Exercise directions: From the entries below, return exactly the lines beginning at the one that contains "<b>Capelle aan den" and ending at the one that contains "Peter Rabbit Peter", both of them included, and only those lines.
### Records for this task ###
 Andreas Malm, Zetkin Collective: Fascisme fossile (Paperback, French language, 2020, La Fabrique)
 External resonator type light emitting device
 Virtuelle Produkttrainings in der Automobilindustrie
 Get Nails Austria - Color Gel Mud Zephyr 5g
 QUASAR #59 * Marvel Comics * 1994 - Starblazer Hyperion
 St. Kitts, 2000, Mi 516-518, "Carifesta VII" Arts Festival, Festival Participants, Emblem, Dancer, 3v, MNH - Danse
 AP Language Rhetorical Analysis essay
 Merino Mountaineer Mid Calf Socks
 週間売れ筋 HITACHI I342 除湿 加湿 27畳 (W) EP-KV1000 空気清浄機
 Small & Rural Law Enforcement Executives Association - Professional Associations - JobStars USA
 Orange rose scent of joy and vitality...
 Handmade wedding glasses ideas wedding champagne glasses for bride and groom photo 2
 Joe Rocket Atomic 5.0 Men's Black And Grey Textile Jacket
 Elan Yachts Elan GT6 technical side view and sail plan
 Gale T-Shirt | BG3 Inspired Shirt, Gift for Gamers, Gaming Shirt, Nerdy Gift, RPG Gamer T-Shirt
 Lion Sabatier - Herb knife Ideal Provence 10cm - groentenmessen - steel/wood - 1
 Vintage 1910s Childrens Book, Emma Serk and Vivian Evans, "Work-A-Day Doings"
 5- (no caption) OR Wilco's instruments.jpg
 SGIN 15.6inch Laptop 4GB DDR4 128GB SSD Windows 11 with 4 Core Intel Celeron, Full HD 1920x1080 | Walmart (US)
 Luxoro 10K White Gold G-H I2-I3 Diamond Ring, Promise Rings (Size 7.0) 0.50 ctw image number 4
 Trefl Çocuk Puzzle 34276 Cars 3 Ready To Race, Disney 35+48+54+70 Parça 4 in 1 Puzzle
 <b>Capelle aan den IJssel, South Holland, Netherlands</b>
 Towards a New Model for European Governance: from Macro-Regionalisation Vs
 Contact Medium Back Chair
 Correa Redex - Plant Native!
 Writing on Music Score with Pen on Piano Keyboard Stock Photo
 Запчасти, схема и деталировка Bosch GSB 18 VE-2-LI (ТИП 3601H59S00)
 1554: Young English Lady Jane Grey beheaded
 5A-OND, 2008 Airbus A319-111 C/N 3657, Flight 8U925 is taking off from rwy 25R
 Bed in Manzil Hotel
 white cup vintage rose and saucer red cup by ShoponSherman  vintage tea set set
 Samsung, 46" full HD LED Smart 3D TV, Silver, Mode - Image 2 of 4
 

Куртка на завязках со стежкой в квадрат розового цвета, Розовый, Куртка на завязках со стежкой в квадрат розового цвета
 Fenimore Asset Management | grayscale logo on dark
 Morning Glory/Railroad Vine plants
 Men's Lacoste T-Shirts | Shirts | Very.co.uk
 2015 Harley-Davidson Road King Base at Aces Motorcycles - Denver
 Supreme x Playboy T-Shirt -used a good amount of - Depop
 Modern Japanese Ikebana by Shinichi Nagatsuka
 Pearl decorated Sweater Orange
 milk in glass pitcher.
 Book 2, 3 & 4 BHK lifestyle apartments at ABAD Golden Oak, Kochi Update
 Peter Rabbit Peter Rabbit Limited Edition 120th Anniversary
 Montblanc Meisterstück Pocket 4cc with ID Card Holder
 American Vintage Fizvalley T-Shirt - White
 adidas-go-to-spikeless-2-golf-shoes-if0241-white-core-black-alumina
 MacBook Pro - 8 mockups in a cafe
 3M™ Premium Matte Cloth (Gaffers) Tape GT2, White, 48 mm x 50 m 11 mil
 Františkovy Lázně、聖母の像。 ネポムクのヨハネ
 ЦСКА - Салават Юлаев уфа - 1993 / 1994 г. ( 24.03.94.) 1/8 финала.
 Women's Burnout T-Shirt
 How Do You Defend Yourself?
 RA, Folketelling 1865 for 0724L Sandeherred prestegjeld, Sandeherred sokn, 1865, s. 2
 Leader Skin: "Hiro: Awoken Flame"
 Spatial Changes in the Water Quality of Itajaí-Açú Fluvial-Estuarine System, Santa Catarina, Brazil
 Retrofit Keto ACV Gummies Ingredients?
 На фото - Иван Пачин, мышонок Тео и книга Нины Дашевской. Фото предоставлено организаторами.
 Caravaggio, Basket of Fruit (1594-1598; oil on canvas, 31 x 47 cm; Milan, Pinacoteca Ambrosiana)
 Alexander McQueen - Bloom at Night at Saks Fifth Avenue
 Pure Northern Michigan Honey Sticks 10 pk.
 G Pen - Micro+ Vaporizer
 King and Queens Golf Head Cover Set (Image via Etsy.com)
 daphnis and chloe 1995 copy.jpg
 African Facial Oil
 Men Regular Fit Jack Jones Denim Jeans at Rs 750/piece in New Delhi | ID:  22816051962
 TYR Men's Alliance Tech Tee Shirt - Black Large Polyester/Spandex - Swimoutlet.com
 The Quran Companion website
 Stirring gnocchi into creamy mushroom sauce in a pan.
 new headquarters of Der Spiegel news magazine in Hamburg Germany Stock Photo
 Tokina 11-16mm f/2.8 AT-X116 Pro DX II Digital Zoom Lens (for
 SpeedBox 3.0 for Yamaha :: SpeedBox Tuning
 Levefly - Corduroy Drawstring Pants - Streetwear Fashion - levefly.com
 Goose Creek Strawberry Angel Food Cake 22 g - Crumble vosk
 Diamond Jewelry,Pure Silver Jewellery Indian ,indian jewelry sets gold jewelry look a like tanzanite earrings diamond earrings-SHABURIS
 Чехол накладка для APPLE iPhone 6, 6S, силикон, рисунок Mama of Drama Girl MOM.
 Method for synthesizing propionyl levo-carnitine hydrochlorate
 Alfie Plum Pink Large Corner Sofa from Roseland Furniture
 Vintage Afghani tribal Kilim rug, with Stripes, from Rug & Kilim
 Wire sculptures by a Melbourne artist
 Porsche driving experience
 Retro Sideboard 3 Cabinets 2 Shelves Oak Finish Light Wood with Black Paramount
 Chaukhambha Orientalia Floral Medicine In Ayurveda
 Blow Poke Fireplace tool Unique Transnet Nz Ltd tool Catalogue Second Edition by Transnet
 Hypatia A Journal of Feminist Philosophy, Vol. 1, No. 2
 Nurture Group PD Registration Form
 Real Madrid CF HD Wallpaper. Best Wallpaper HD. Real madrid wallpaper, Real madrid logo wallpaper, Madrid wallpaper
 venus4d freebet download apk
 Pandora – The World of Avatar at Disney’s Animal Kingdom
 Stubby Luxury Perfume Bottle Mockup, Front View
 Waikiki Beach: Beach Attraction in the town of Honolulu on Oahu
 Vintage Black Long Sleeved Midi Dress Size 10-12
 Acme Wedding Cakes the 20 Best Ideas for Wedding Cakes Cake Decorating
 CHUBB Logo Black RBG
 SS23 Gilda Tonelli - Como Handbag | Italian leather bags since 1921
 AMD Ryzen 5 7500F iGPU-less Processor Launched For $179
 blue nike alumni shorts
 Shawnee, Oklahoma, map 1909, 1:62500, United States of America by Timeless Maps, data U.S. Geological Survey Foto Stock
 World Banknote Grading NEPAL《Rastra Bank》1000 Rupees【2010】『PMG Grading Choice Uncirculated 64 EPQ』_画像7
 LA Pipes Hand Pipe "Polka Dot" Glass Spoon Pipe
###
Task output:
 <b>Capelle aan den IJssel, South Holland, Netherlands</b>
 Towards a New Model for European Governance: from Macro-Regionalisation Vs
 Contact Medium Back Chair
 Correa Redex - Plant Native!
 Writing on Music Score with Pen on Piano Keyboard Stock Photo
 Запчасти, схема и деталировка Bosch GSB 18 VE-2-LI (ТИП 3601H59S00)
 1554: Young English Lady Jane Grey beheaded
 5A-OND, 2008 Airbus A319-111 C/N 3657, Flight 8U925 is taking off from rwy 25R
 Bed in Manzil Hotel
 white cup vintage rose and saucer red cup by ShoponSherman  vintage tea set set
 Samsung, 46" full HD LED Smart 3D TV, Silver, Mode - Image 2 of 4
 

Куртка на завязках со стежкой в квадрат розового цвета, Розовый, Куртка на завязках со стежкой в квадрат розового цвета
 Fenimore Asset Management | grayscale logo on dark
 Morning Glory/Railroad Vine plants
 Men's Lacoste T-Shirts | Shirts | Very.co.uk
 2015 Harley-Davidson Road King Base at Aces Motorcycles - Denver
 Supreme x Playboy T-Shirt -used a good amount of - Depop
 Modern Japanese Ikebana by Shinichi Nagatsuka
 Pearl decorated Sweater Orange
 milk in glass pitcher.
 Book 2, 3 & 4 BHK lifestyle apartments at ABAD Golden Oak, Kochi Update
 Peter Rabbit Peter Rabbit Limited Edition 120th Anniversary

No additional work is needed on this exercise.